This script is a clean foundation, and the obvious upgrades are easy to picture. You could log counts to a CSV with timestamps for later analysis, fire an alert when a zone exceeds a capacity threshold, or track entries and exits over time rather than just the live headcount. The polygon-cleaning and deepest-inside-wins logic would carry over unchanged — those are the genuinely reusable ideas here.
The real lesson isn't about elevators at all. It's that once you can reliably answer "is this point inside that shape, and if several shapes qualify, which one wins?", an enormous range of spatial-analytics problems becomes approachable. Queue monitoring, retail heatmaps, parking occupancy, crowd-safety dashboards — they're all variations on the same forty lines of geometry you just read.
FAQs
- Q:Do I need a GPU to run this?
- A:No.
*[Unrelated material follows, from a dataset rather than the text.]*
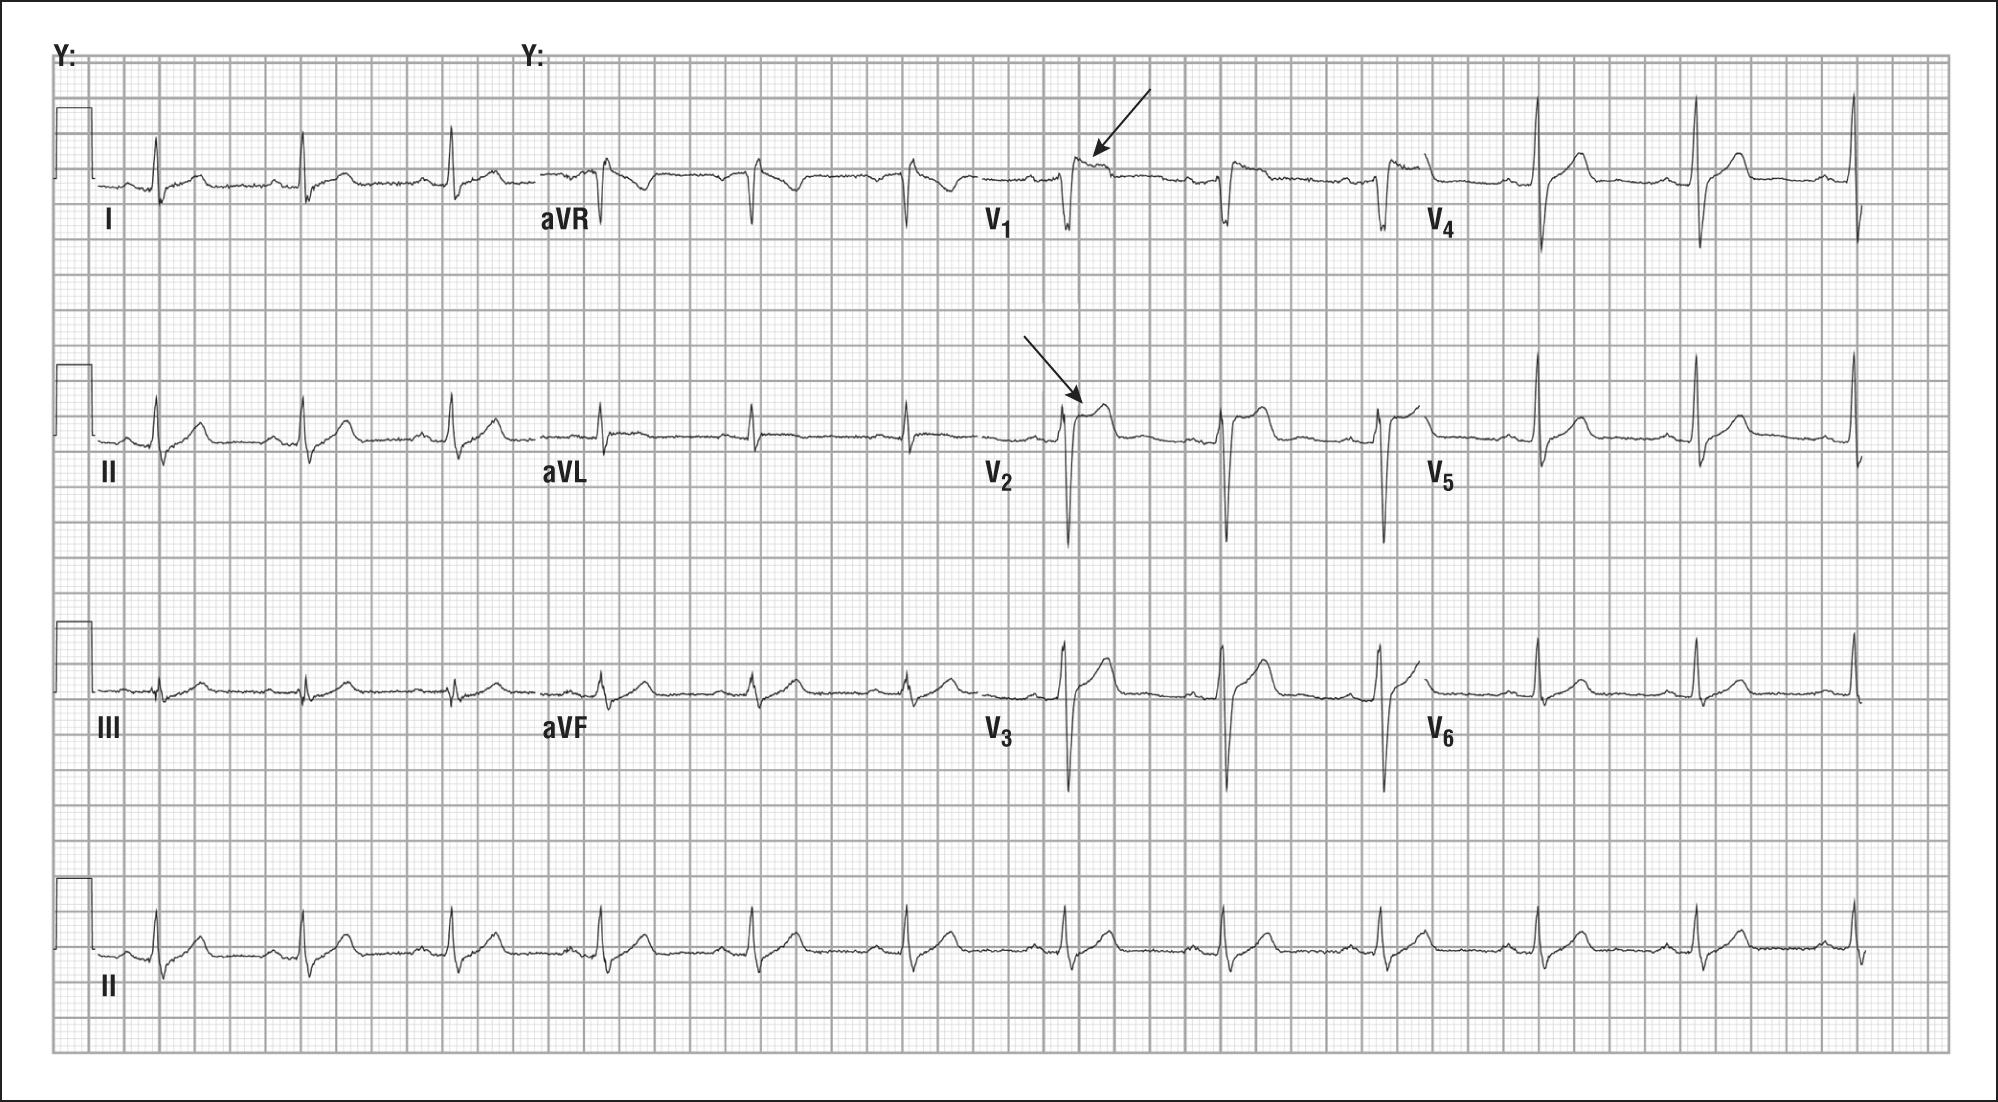 Life-Threatening ST-Segment Elevation Without Coronary

It runs on CPU, just slower. The device argument lets you point it at CUDA if you have it, and frame_skip helps recover speed on modest hardware.
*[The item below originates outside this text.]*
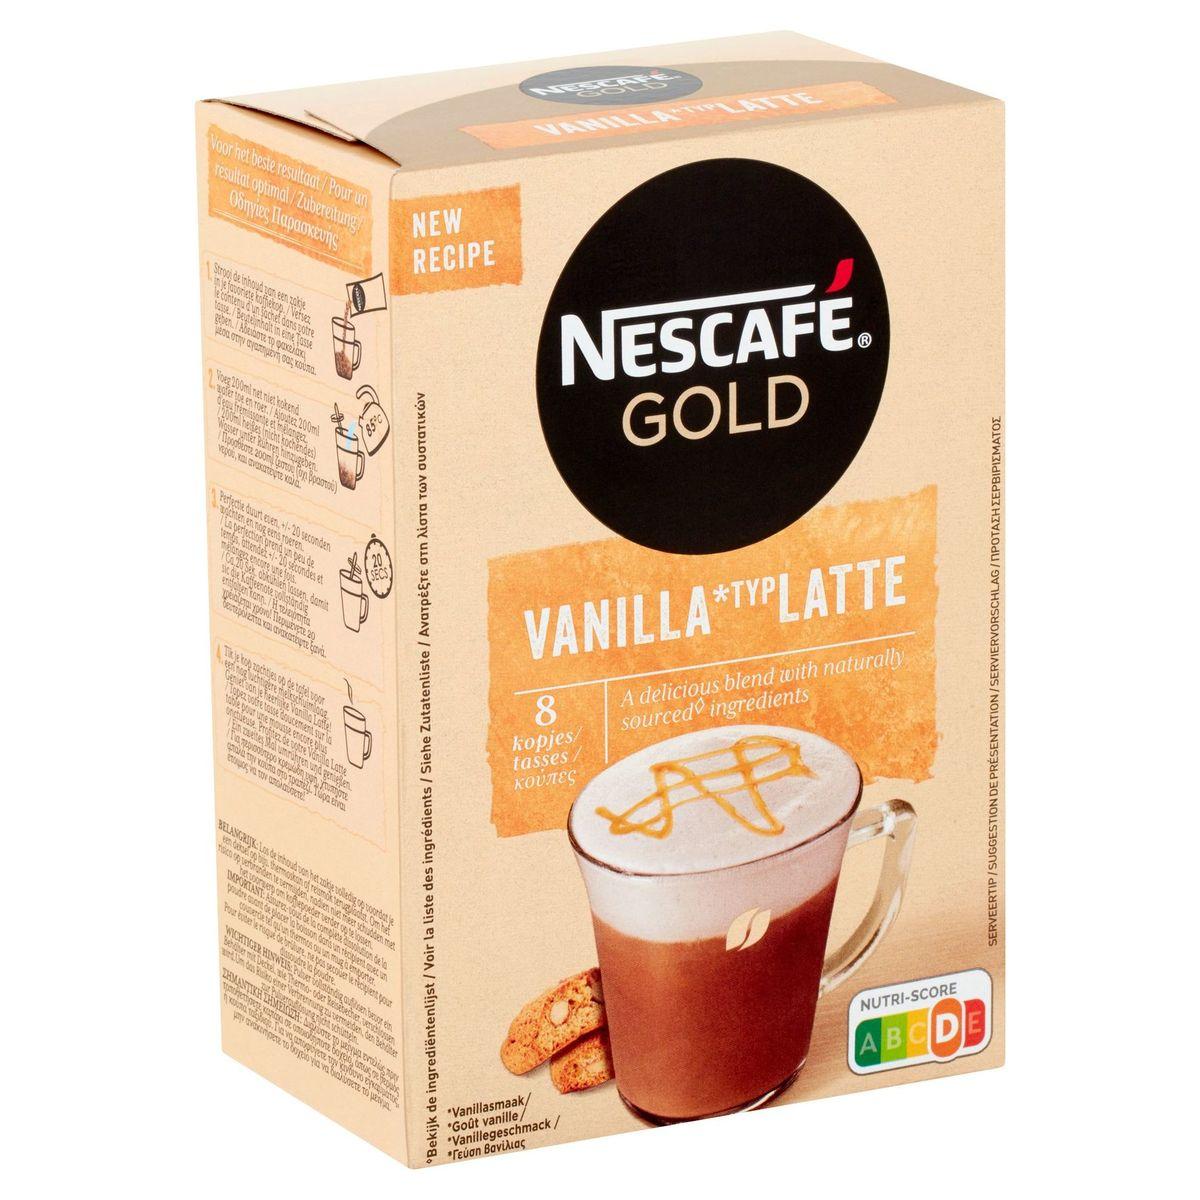 NESCAFE Café GOLD Vanilla Latte Sachets 148g

- Q:Why polygons instead of simple rectangles?
- A:Because real-world regions are rarely axis-aligned boxes. Polygons let you trace a slanted doorway, a curved queue, or the trapezoidal floor rows of an elevator seen from an angled camera.
- Q:Why test the feet instead of the center of the person?
- A:Because a person occupies the floor at their feet. Testing the bounding-box center can place a leaning or partially occluded person in the wrong zone.
- Q:Can it count things other than people?
- A:Yes. The classes argument maps to YOLO's class list, so swap in the class IDs for cars, bikes, or anything the model knows, and the same zone logic applies.